The Honda CB900F is a Honda motorcycle made from 1979 through 1983. It was a typical sport-adjacent Universal Japanese Motorcycle of the time, using a straight four-cylinder four-stroke 900 cc engine with carburetors.

The motorbike was produced from 1979 through 1983, and was available in the United States in 1981 and 1982. In 1983 it was replaced by the CB1100F.

==Honda CB 900 F==

===Background===
In 1969 Honda introduced its flagship CB750 superbike, whose success led to Honda's domination of the motorcycle market.
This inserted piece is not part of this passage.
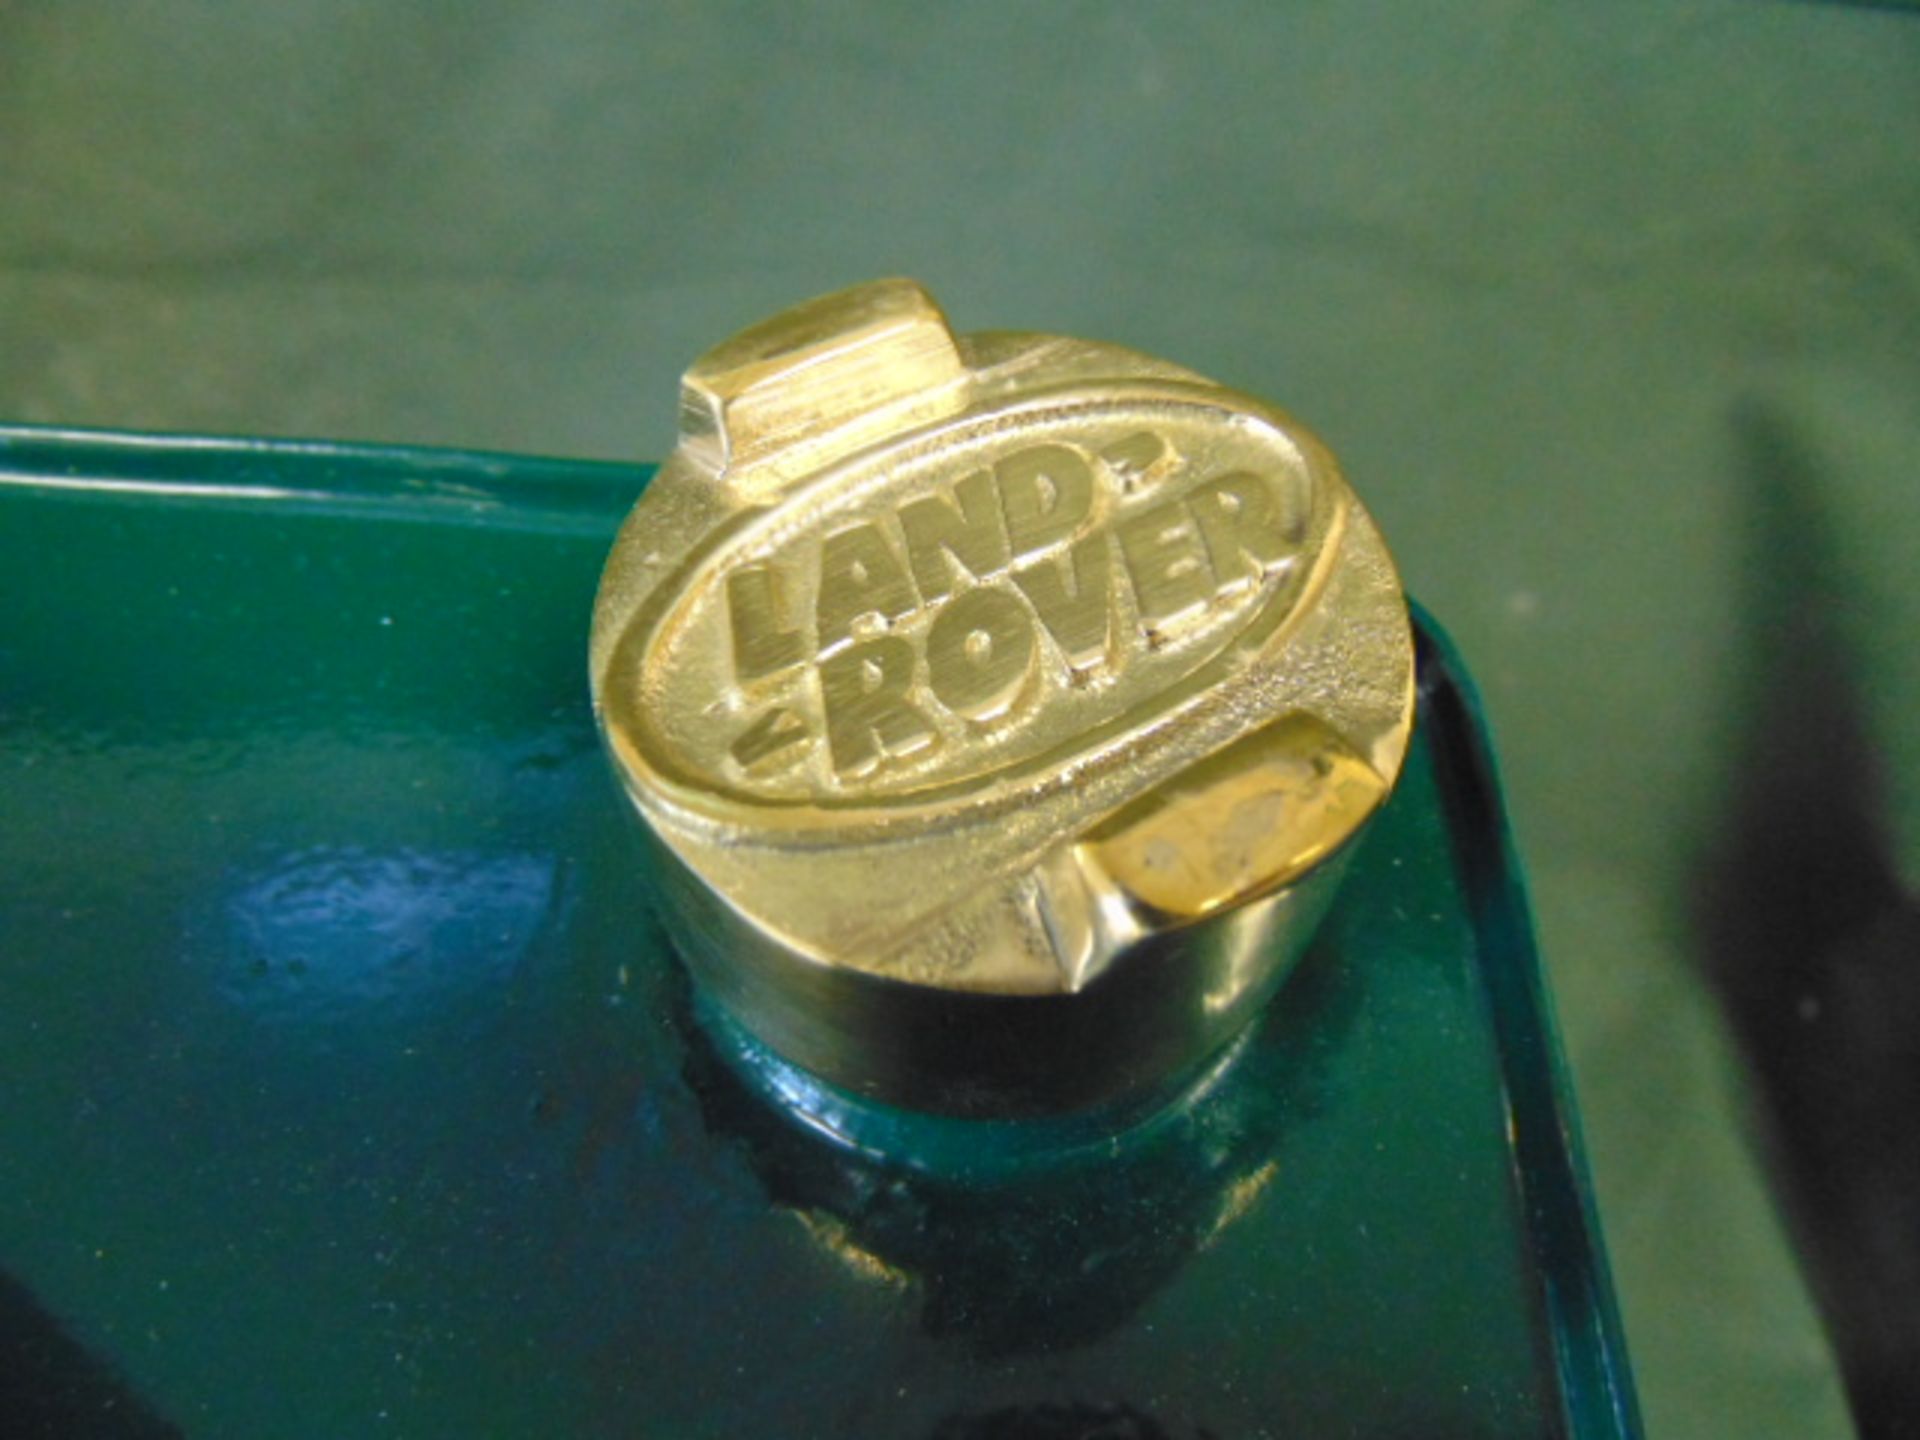 Reproduction Land Rover Branded Oil Can - Image 4 of 4

Honda had been successful in European endurance racing with their RCB-series RS1000, and had made advances in suspension technology from their experience in motocross, and the company chose to base a new DOHC roadster on their endurance racer.

The CB900F's design was aimed at European markets, rather than the usual focus on the United States, where it was not available until 1981. In Europe, it was initially named Super Sport like the 750 (FZ and FA) later named after the Bol d'Or endurance race. In the market, the CB900F competed with larger capacity bikes like the Kawasaki Kz1000, Suzuki GS1000, and Yamaha XS1100.

===Design===
The CB900F's engine has a 901 cc four-cylinder DOHC engine with a bore and stroke of 64.5 by 69.0 mm. The engine drew on other designs, such as the CB1000C, CB1100F/CB1100R, and the inline-6 CBX1000. The CB900F has a five-speed gearbox and chain final drive, and it produces 95 bhp at 9,000 rpm The CB900F has two front disc brakes and one rear disk brake, all fitted with dual-piston calipers after 1983. The air-assisted fork was fitted with the Honda TRAC (torque reactive anti-dive control) anti-dive system in 1982 or 1983. The bike shares the same bodywork (tank, side covers, tailpiece) as the earlier CB750F Super Sport. There are similarities between the CB900F bodywork and that of the CB1100F and CBX.

===Performance===
In magazine tests, the CB900F typically clocked low to mid 12 seconds in the quarter mile (and a low 11.84 seconds in a Motorcyclist magazine test). The engine was tuned to produce mid range power rather than maximizing peak horsepower, thus giving good acceleration from 4,000 rpm to the 9,500 rpm redline. At 90 mph there was some vibration, but the relaxed riding position was comfortable at most speeds, but at the 130 mph maximum speed wind pressure could cause rider discomfort. The CB900F was succeeded in 1983 by the CB1100F, and in 1987 Honda introduced the CBR1000F water-cooled inline fours.

===Reception===
Honda's advertising proclaimed the bike to be "a thundering Super-Sports bike with devastating performance and an unwavering stamina". The bike's conventional twin down-tube steel frame is very strong. This, along with improved suspension made the CB900F "arguably the best Honda had built for the street," and capable of challenging European motorcycles in performance and roadholding. For its time, the CB900F was called, "the ultimate statement of the old air-cooled technology Honda had done so much to create". In anticipation of the 2002 model, one reporter reminisced that the original "was a powerful machine, if a bit heavy. All gas tank and engine, stable on the highway, middle-of-the-road good looks and hound-dog reliable." Rod Ker, however, writes that it had "two bad habits," that "it dropped out of gear, and — sometimes as a direct result — broke con-rods. This was a great pity, because it was a good bike until it broke, blessed with a frame and suspension that showed the Japanese were catching up with the Europeans in chassis technology."

==See also==
- Honda CB900F Hornet
- Honda CB900C
- Honda Hornet (disambiguation)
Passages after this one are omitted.